Конец священного круга
ГЛАВА XXIX
САН-ЛОРЕНСО. МЕКСИКА.
В этом году завершился священный круг времен...
«летопись какчикелей»
Со времени событий, о которых говорилось в предшествующих главах, прошло двенадцать лет. Приближался самый торжественный и страшный момент в жизни народа Красной земли: завершение священного круга лет. В эти дни боги решали, продлят ли они существование теперешнего мира или, разрушив его, создадут новую Вселенную с новыми, более совершенными или более подходящими животными и человечеством. Поэтому делалось все, чтобы умилостивить владык жизни и смерти, чтобы они даровали людям существование на новый священный круг — еще на сто четыре года.

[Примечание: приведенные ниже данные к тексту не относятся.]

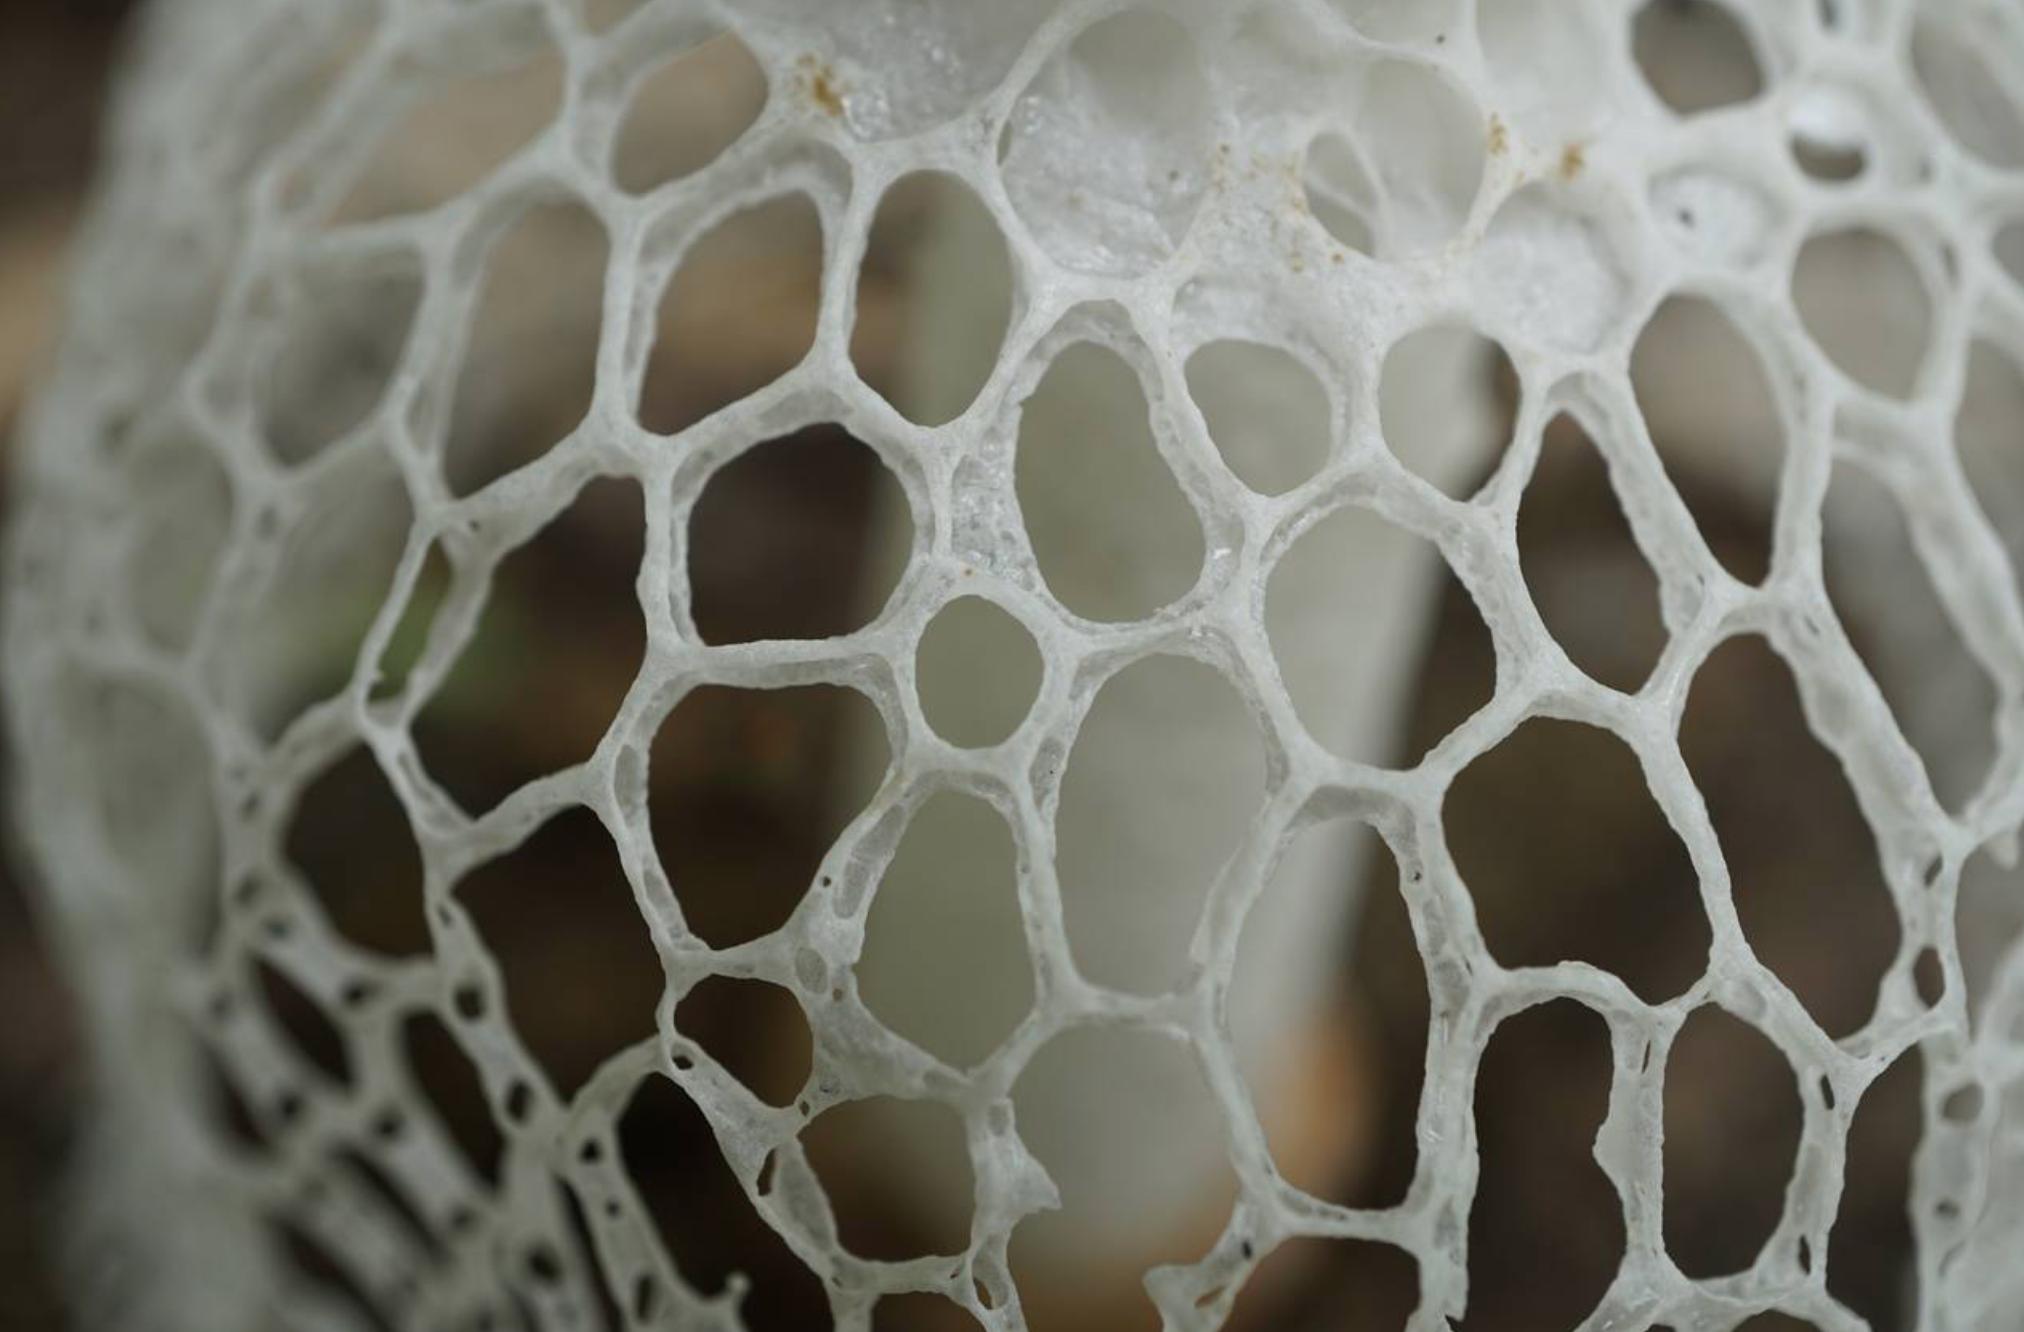 The net-like veil up close. Photo by  Alison Harrington .

Многое изменилось за прошедшие двенадцать лет. Прежний владыка страны приобщился к богам; прах усопшего был перенесен на остров Усокиток-Петенг и пышно захоронен, и лишь скульптурные памятники напоминали о его царствовании. На престоле сидел его бывший наследник, мечтавший о завоеваниях не меньше отца, но пока лишь проложивший новый торговый путь к далекой стране Чапулистагуа, откуда теперь непрерывным потоком текли в обмен на товары драгоценный нефрит и зерна какао. Правителя беспокоили слухи, приносимые ему разведчиками с берегов великого океана: там происходили странные и страшные передвижения народов, постепенно углублявшихся в горы от родных побережий. Он предчувствовал в этом будущую угрозу своей стране. Как и водится, нового владыку окружали новые люди, из прежних придворных при нем удержались лишь Тене-Тувуик и Тене-Тунг; последний стал главным советником правителя.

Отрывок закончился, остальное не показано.